Teen Vogue vs. an articulate teen

Posted on Feb 23, 2017 in Abortion

Teen Vogue vs. an articulate teen

A liberal magazine that targets teen girls figured it would make light of abortion – but a 16-year-old teenager hit back with an online video.

“We need to clarify one thing first: abortion is a big deal,” states Autumn, whose rebuttal produced by pro-life group Students for Life has collected 608,000-plus Facebook views.

The Teen Vogue article “What to Get a Friend Post-Abortion” includes a slide show of “gift” ideas, such as a “Girl Power” ballcap, a box of chocolates, and a Ruth Bader Ginsburg coloring book.

The article is targeted at teen girls such as Autumn and therefore, she suggests, she’s qualified to respond.

And respond she did, pointing out that the writer Whitney Bell suggests abortion can be “more than a little terrifying” but states a few words later that it “shouldn’t have to be so scary.”
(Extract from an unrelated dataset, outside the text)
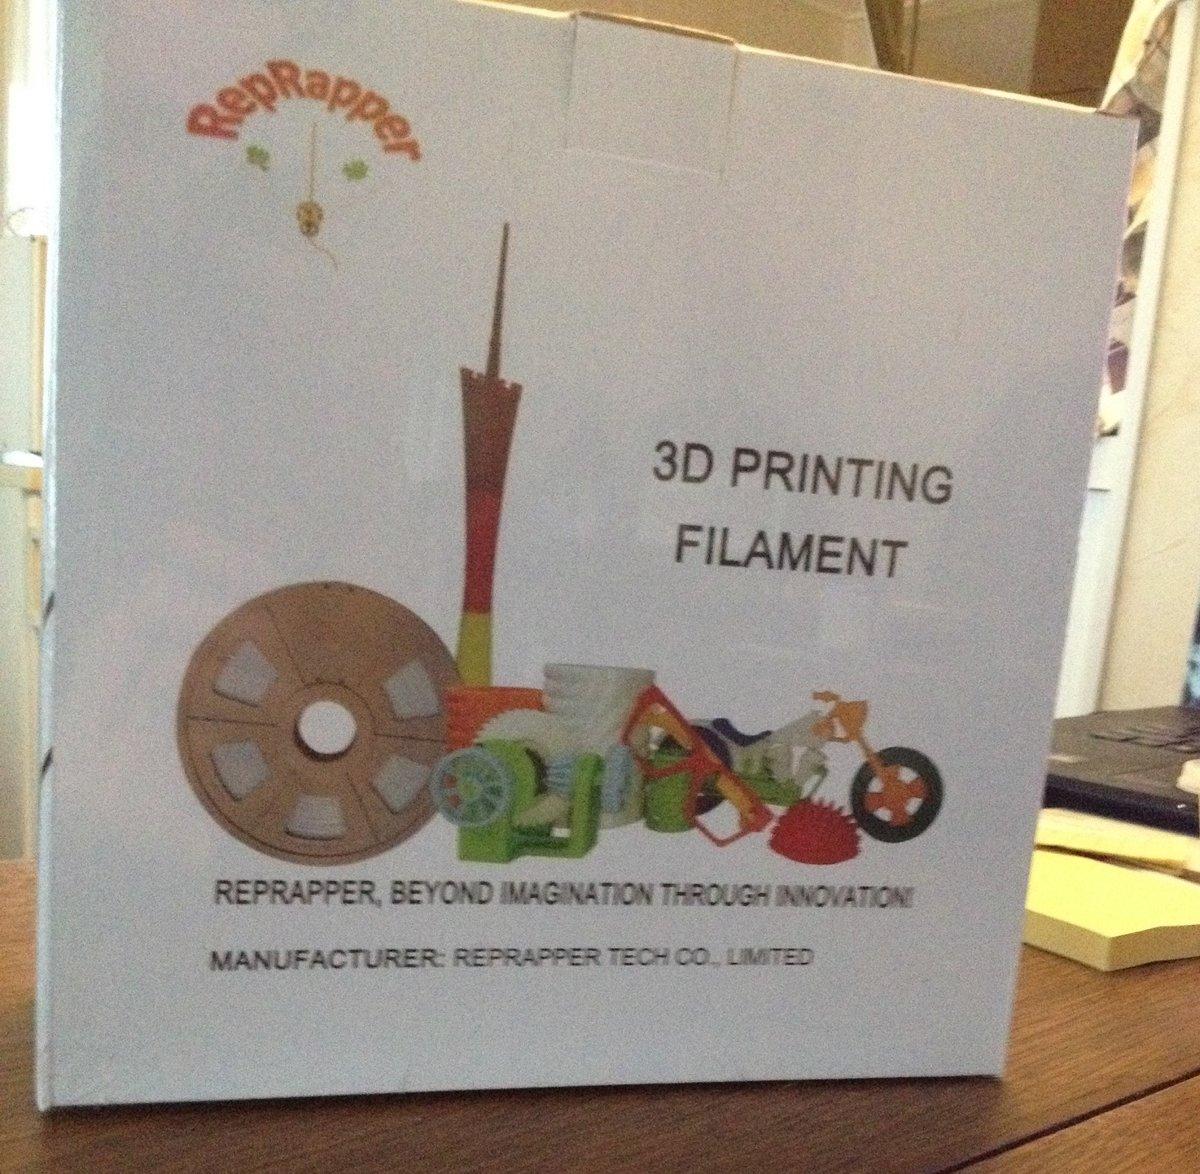 1 75mm rood pla filament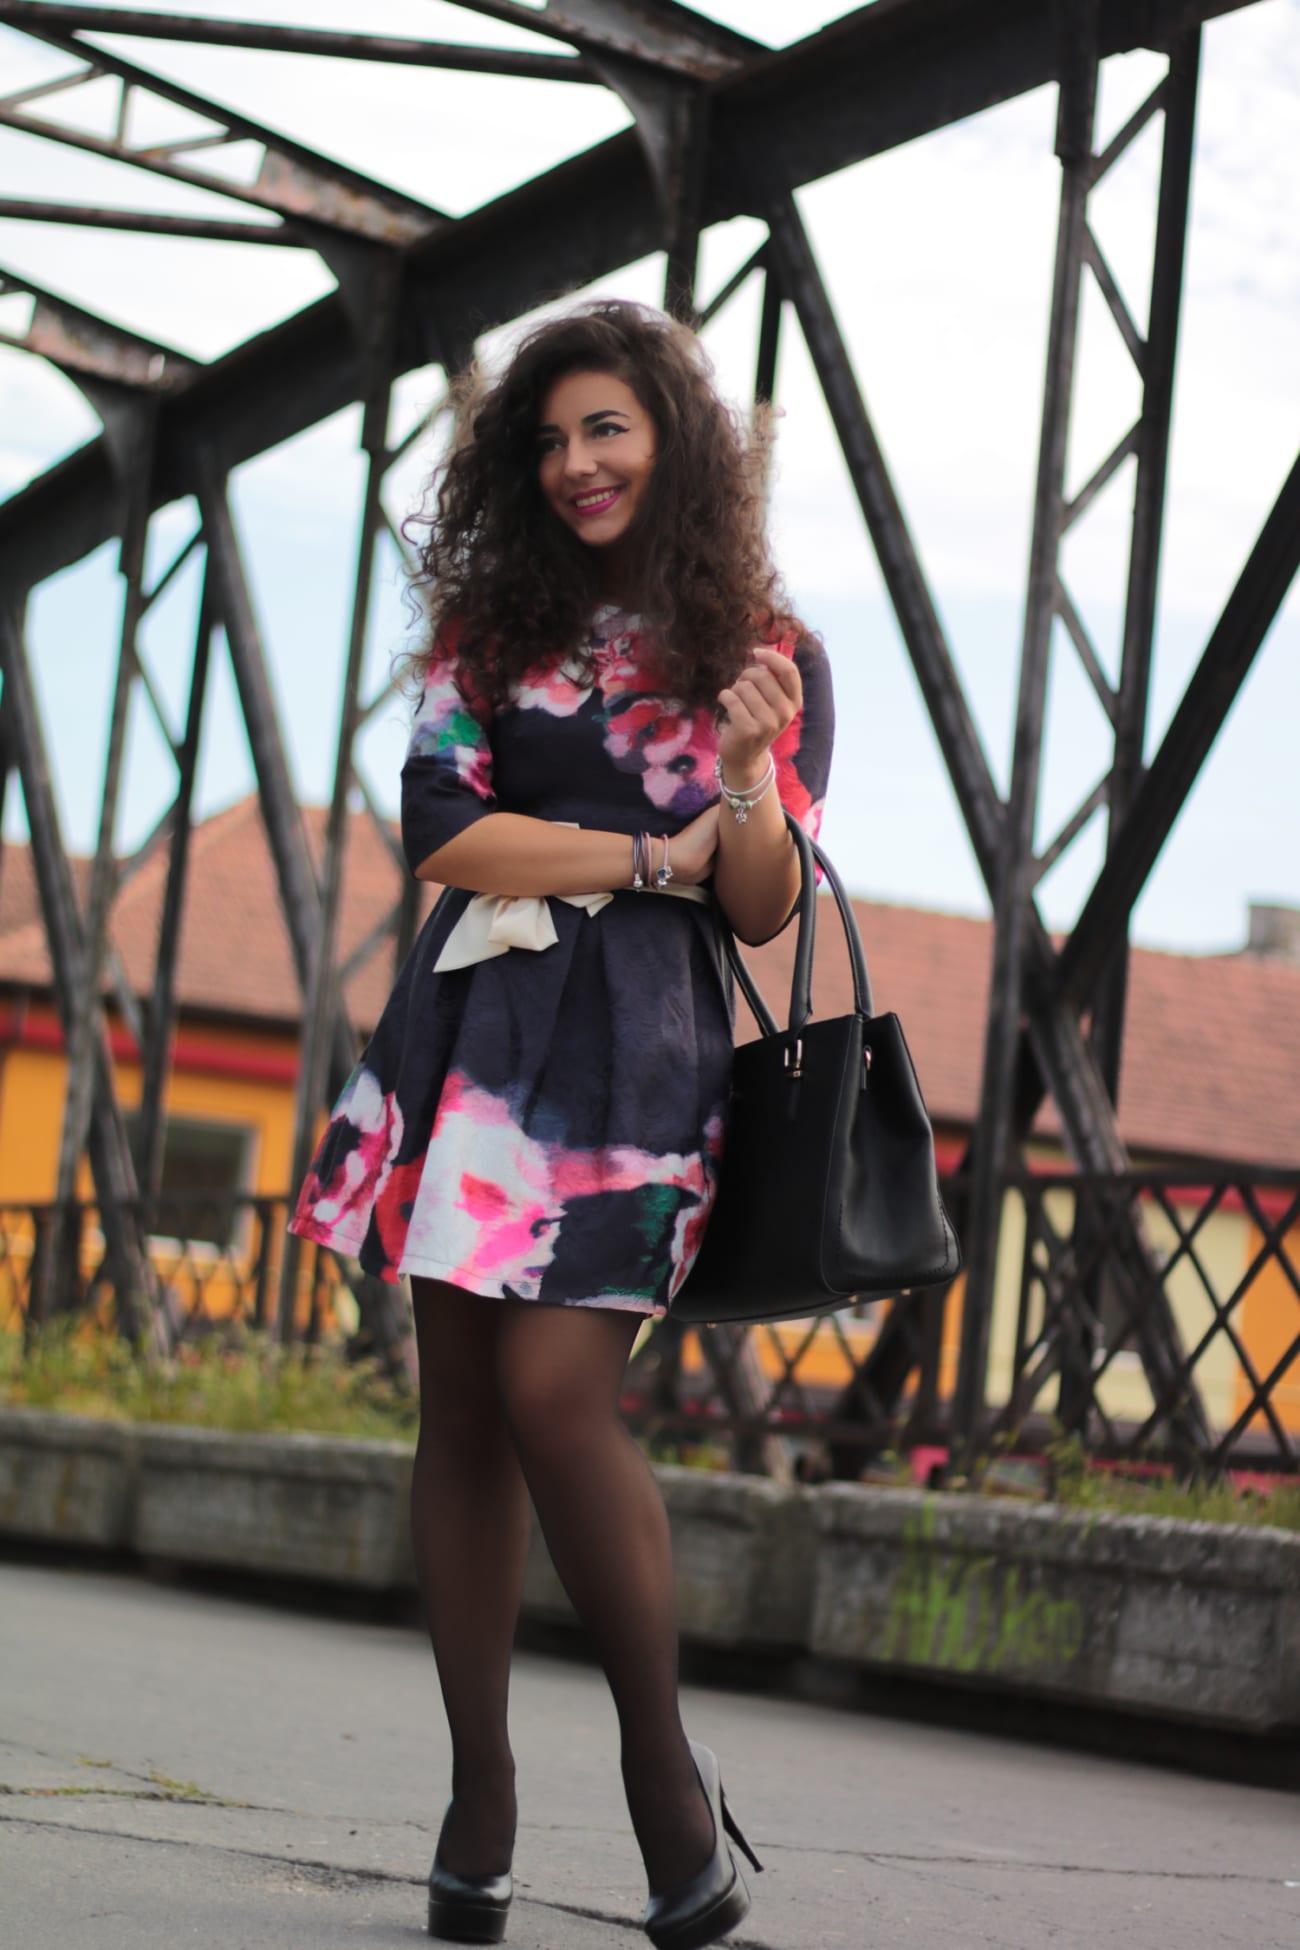 top-fashion-pareri-roxi-rose-timisoara-fashion-blogger-rochia-cu-flori-floral-dress-review-favorite-fashion-item-and-why-clothing-piece curly blogger

pregnancy ultrasound”Okay, which is it?” Autumn asks rhetorically. “You can’t have it both ways.”

The truth, she says, is that abortion is a scary procedure that haunts women for the decision they made.
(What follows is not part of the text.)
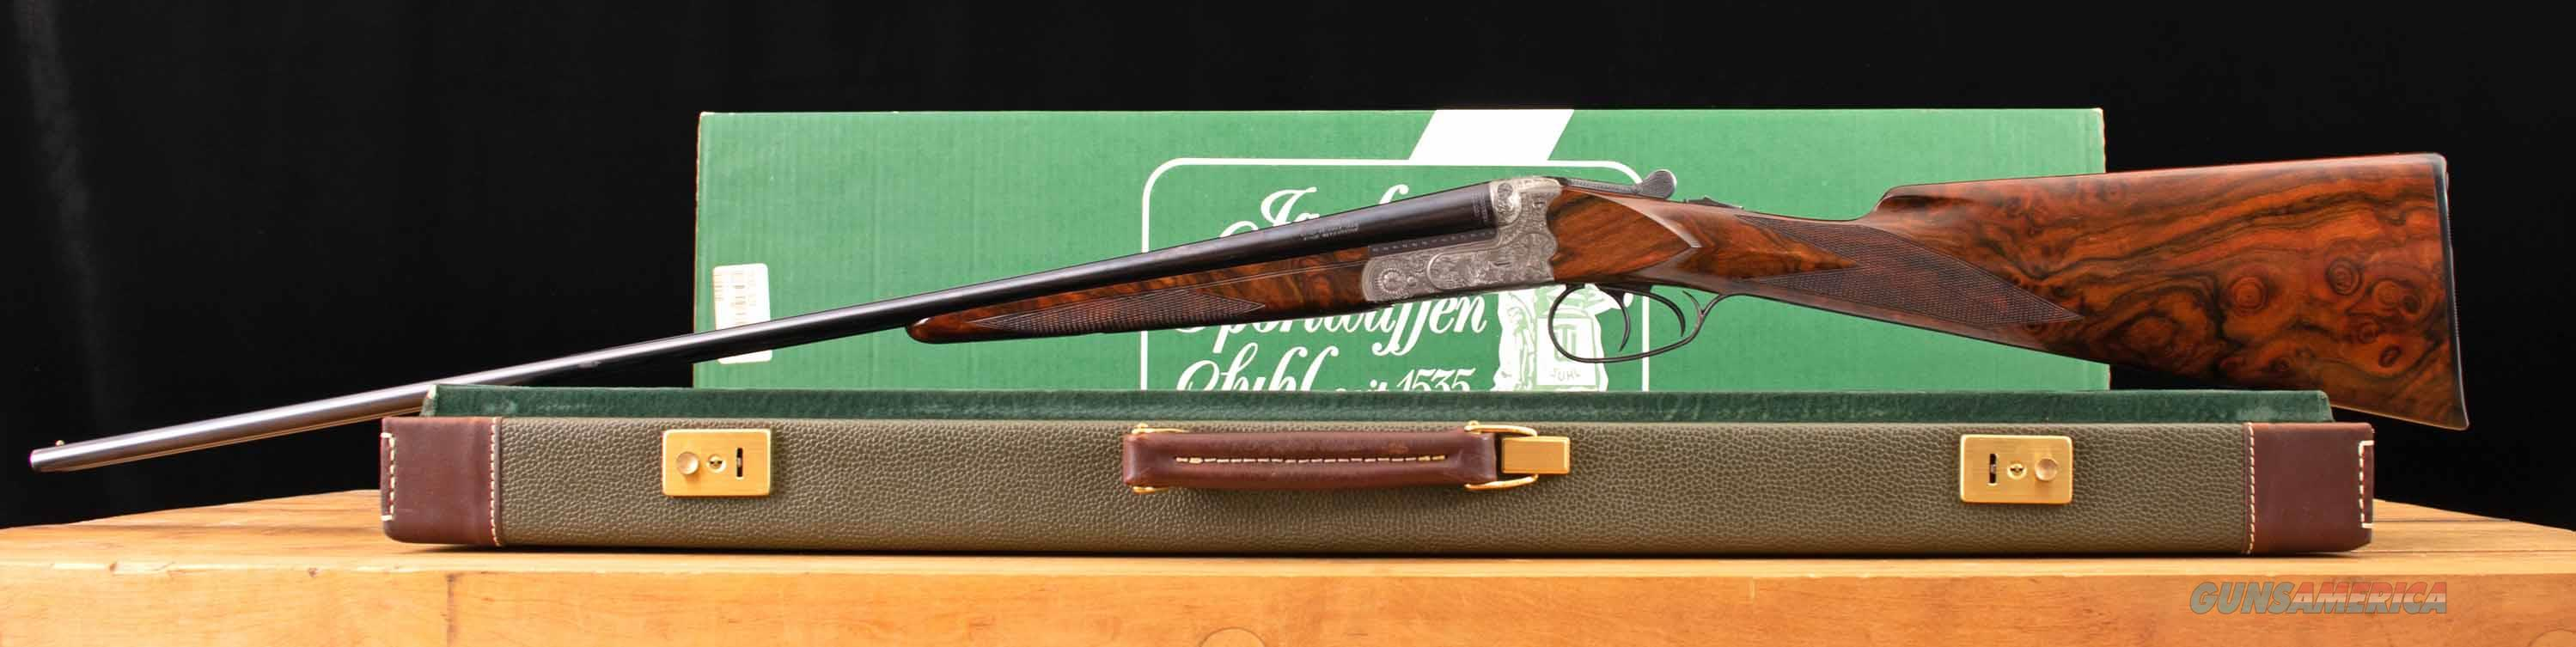 Merkel 360 EL .410 – AWESOME WOOD, CASED, 99%, vintage firearms inc   Guns > Shotguns > Merkel Shotguns

“No one skips into that room as if they’re getting their hair highlighted or their nails painted,” Autumn warns.

“And just for the record,” she continues, “the thought of going into a room and having my baby surgically removed from my body is both terrifying and scary, and none of these gifts would make me feel better. And if they did make me feel better, that would mean I need serious counseling.”
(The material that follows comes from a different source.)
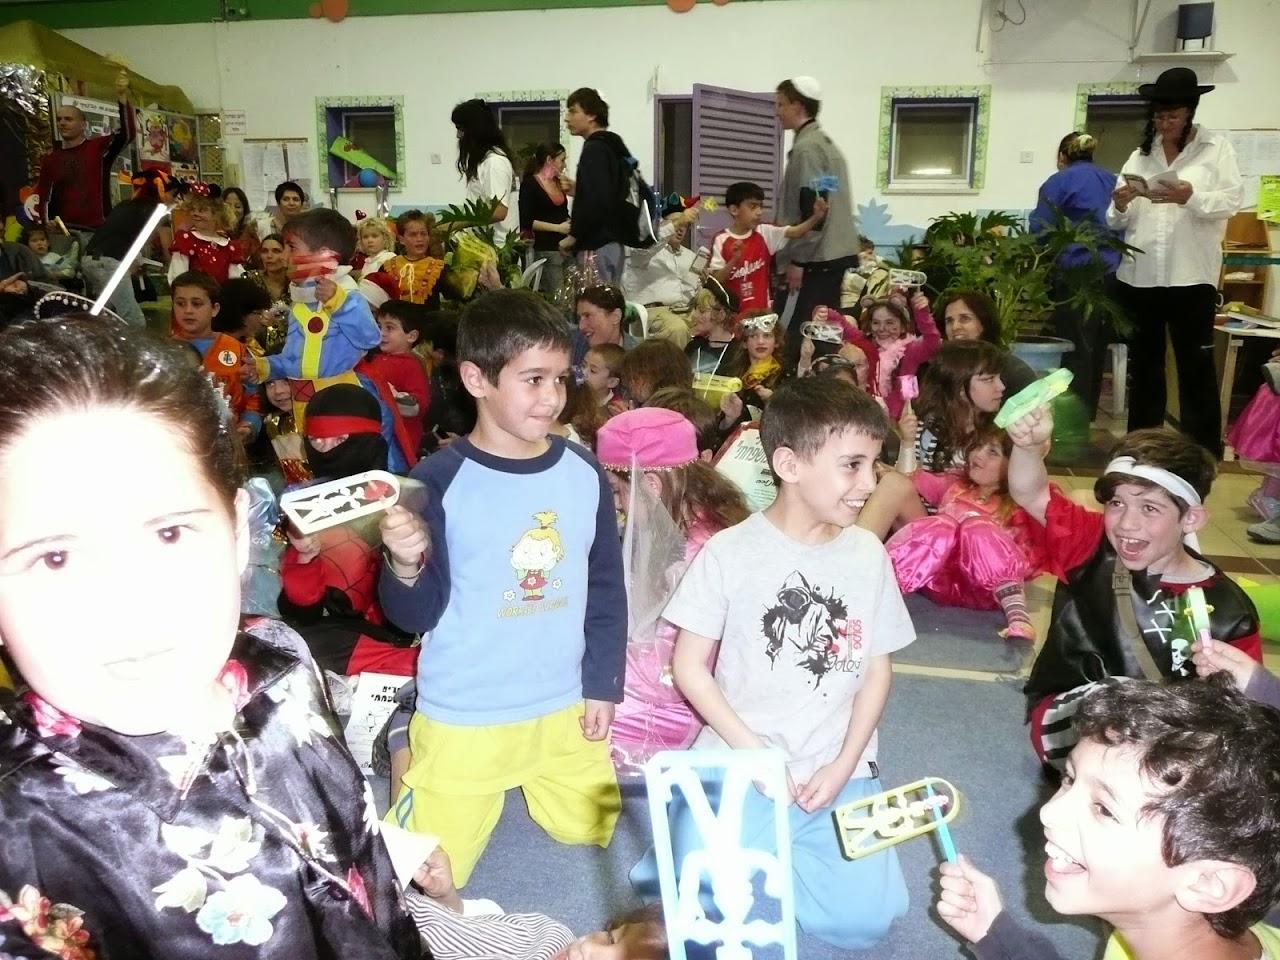 Purim 2008  - 2008-03-20 18.52.00.jpg

And the pro-life teen wasn’t done. She goes on to call out Teen Vogue for a “disgusting and disrespectful” article that trivializes abortion, then analyzes each of the gift ideas, ripping each while quoting liberally from Bell’s own story.


Teen Vogue’s online version is predictably heavy on fluff stories – “Dove Cameron Just Chopped Off ALL of Her Hair” – but includes political stories, too, such as a Detroit teen who opposes Betsy DeVos as Secretary of Education.

The publicity Autumn is giving Teen Vogue may be the most it’s gotten in some time – the magazine announced last November it was cutting back to four issues a year and relying on online stories. The magazine began in 2003.

OneNewsNow first reported on the Teen Vogue story in a Feb. 20 story.